# Wo sitze ich auf dem Sattel am besten bei extremen Steigungen?



## johannes_biker (30. Juli 2011)

Wo bzw. wie soll ich auf dem Sattel sitzen bei extremen steigungen. Entweder es hebt den vorderreifen an oder es zieht mich raus oder mein hinterreifen drecht durch. Was kann ich machen? Hiiiiiilfe 

Mfg Johannes


----------



## TheMars (30. Juli 2011)

hi
also ich sitze da immer an der vordersten spitze des sattels, also ein bisschen vor dem trettlager
den oberkörper habe ich übrigens weit und tief vorne um den schwerpunkt möglichst tief zu halten

MfG
Lukas


----------



## MTB-News.de




----------



## LB-Biker (30. Juli 2011)

Bei extremen Steigungen fahre ich im Wiegetritt, stehend.
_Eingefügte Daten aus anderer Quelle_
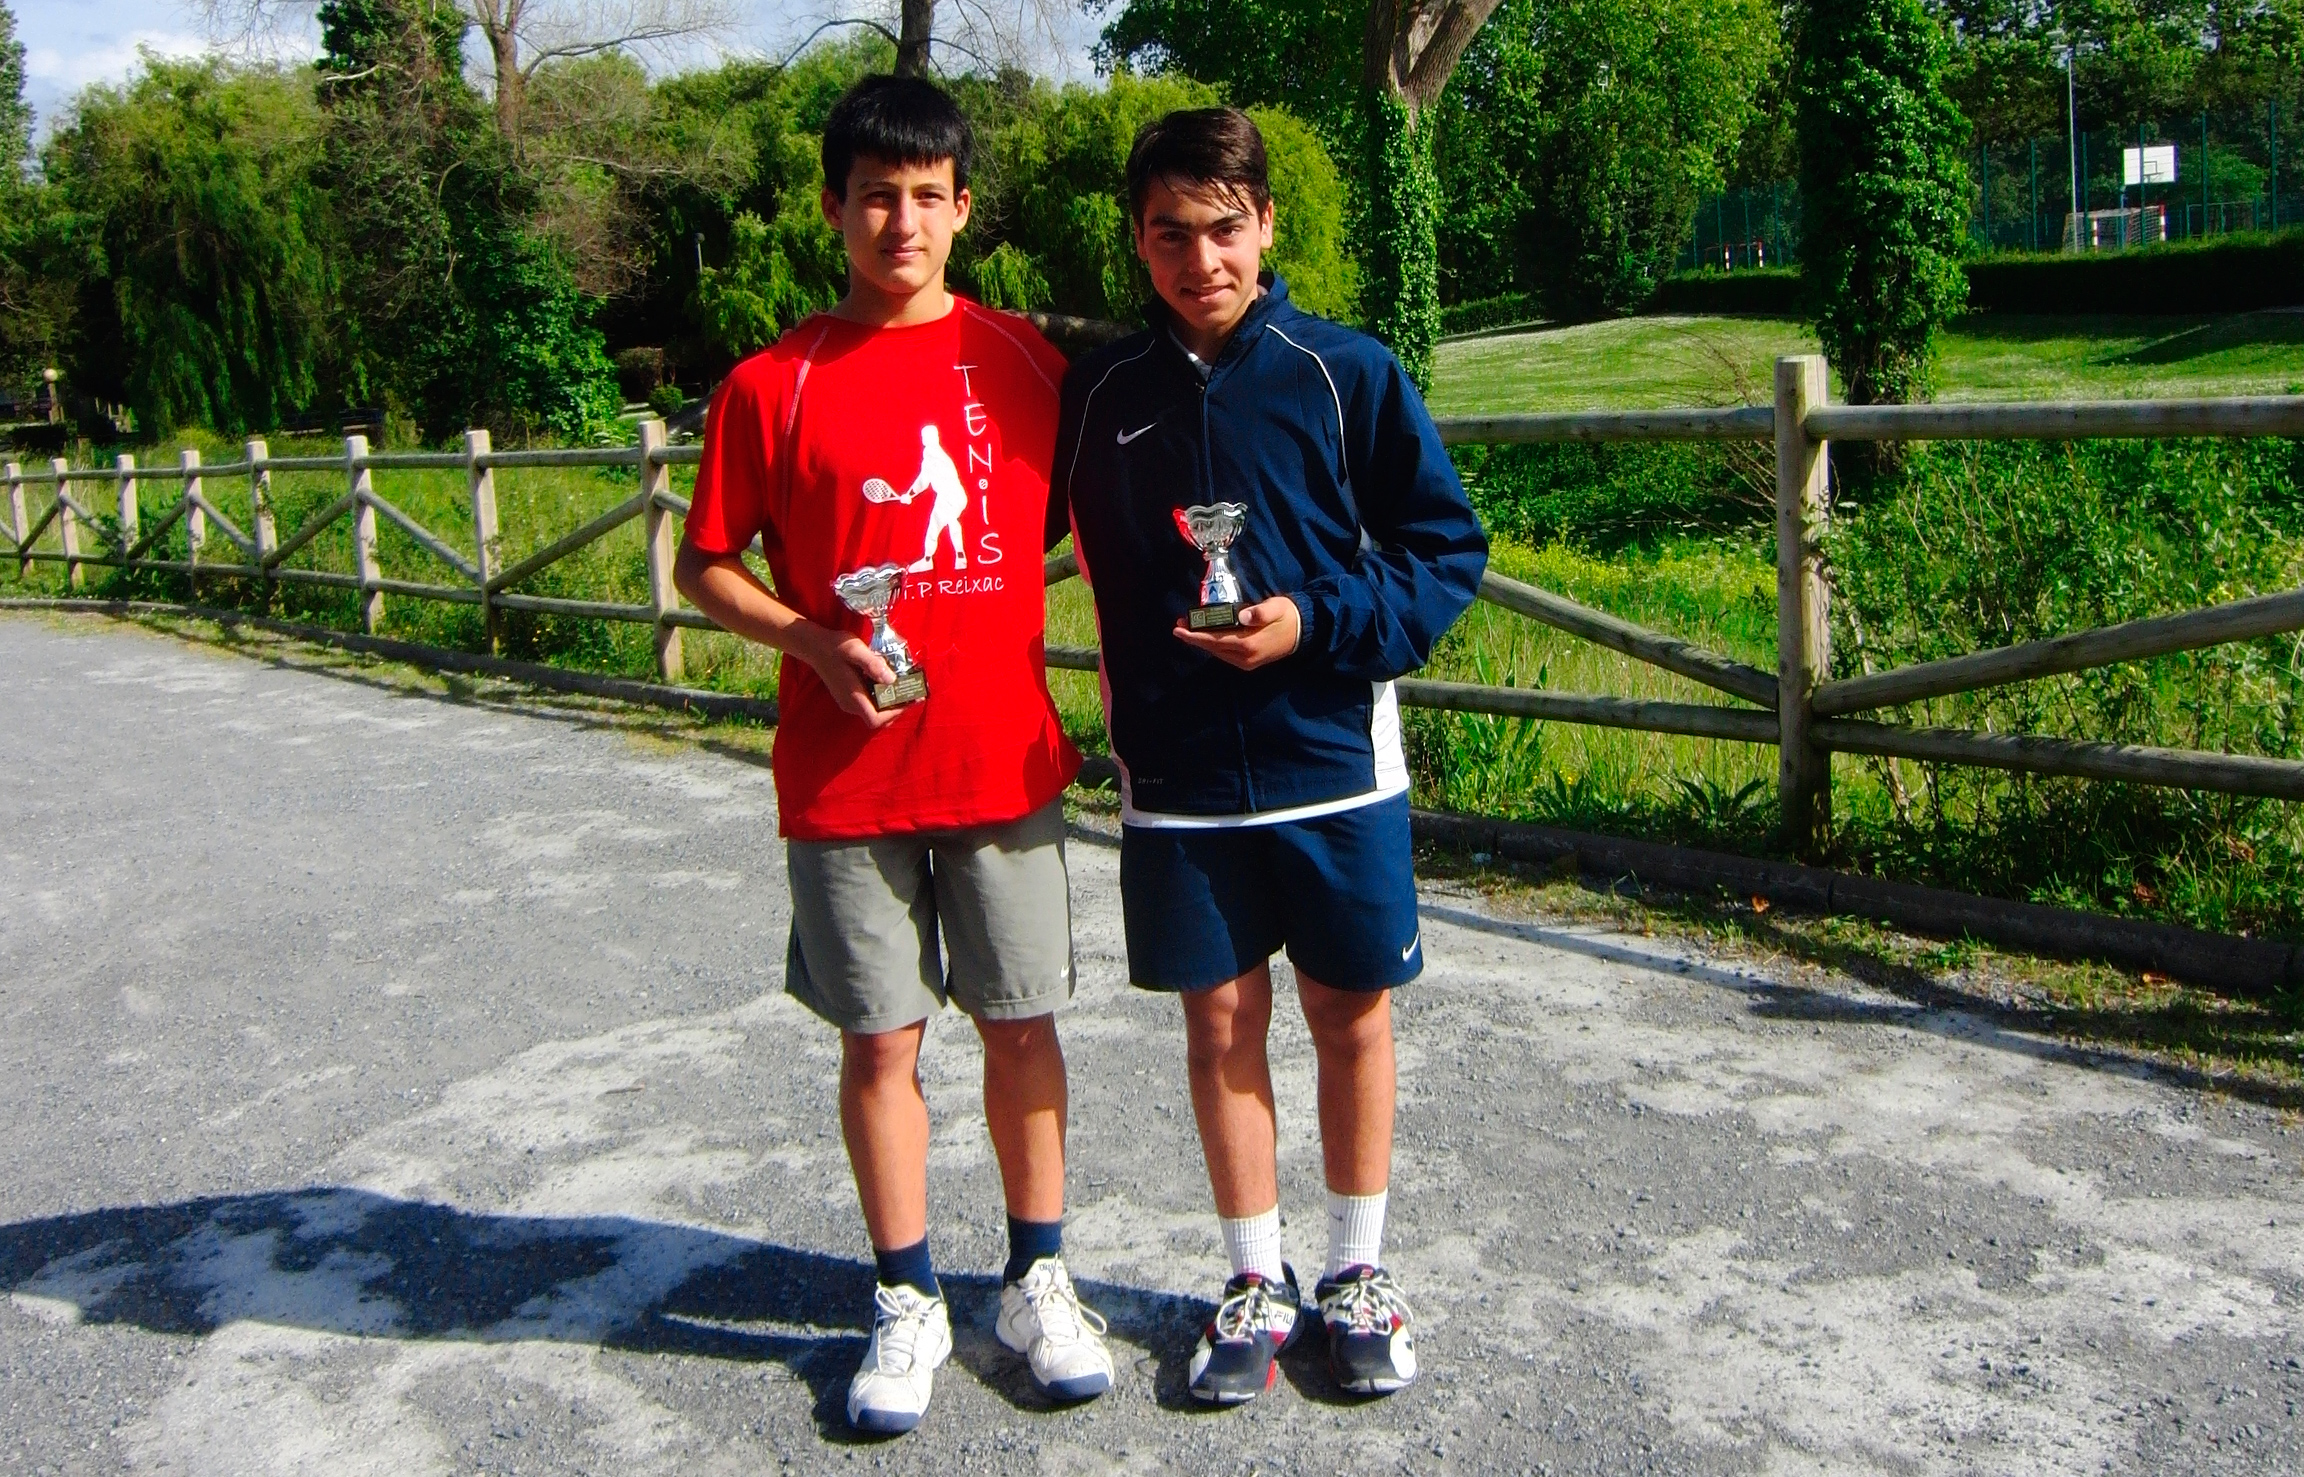 Campeones del Campeonato infantil de tenis Playas de Getxo de 2014

Aber es gibt wirklich lustige Fragen, wann fragt eig. mal einer wie rum man in England in die Pedalen tritt ?!


----------



## flyingscot (30. Juli 2011)

Bei extremen Steigungen (also >30%) ist der Wiegetritt aber problematisch, da man dadurch meist das Hinterrad entlastet und wesentlich ungleichmäßiger und langsamer tritt. Beides führt zumindest bei nicht perfekt griffigem Boden dann zu durchrutschendem Hinterrad. 

Mit sehr guter Körperspannung und Fahrgefühl ist es aber in der Tat möglich beide Probleme zu kompensieren und sowas auch im Wiegetritt zu fahren.

Besser bzw. einfacher und weniger kraftraubend ist das Vorrücken auf dem Sattel und Vorbeugen auf den Lenker.

Ich finde die Frage völlig berechtigt, da ich immer wieder Anfänger sehe, die dabei Probleme haben und trotz ausreichend Kraft und Kondition steile Stellen rein aus fahrtechnischen Gründen nicht schaffen.


----------



## nahetalmoves (30. Juli 2011)

Definitiv ganz vorne an der Spitze des Sattels!! Sattel evtl. etwas nach vorne abgesenkt, damit er in der Steigung etwas waagrechter ist.
Bei mir hat damals auch bissel weniger Luftdruck im Hinterrad gegen das anheben des Vorderrades geholfen.


----------



## Bikeschreck (30. Juli 2011)

Ich haue die Talas runter und hocke mich ebenfalls auf die Spitze des Sattels. Problematisch wird es nur, wenn auf der Steigung noch Querwurzeln sind, da komme ich auch manchmal an meine Grenzen. Da hilft nur eins- üben, üben, üben!!!


----------



## TheMars (30. Juli 2011)

Bikeschreck schrieb:


> Problematisch wird es nur, wenn auf der Steigung noch Querwurzeln sind, da komme ich auch manchmal an meine Grenzen. Da hilft nur eins- üben, üben, üben!!!


 
ja das kann ich nur unterschreiben, richtig schwierig wird es dann wenn beim vorder- und hinterrad wurzeln sind 

MfG


----------



## Bikeschreck (30. Juli 2011)

TheMars schrieb:


> ja das kann ich nur unterschreiben, richtig schwierig wird es dann wenn beim vorder- und hinterrad wurzeln sind
> 
> MfG



Dann sucht man sich am besten schnell die Schokoladenseite, auf welche man sich mit dem Bike fallen lässt! Immer noch besser, als nach hinten den Hang runter.


----------



## TheMars (30. Juli 2011)

ui danke für den tipp das muss ich mir für meine nächste tour merken


----------



## Berrrnd (30. Juli 2011)

so eine frage von einem 





> Profi


----------



## Marc B (30. Juli 2011)

Bergauf ist die Linienwahl enorm wichtig, da man schnell an Hindernisse hängebleibt oder das HR zB bei nassen Wurzeln durchrutscht.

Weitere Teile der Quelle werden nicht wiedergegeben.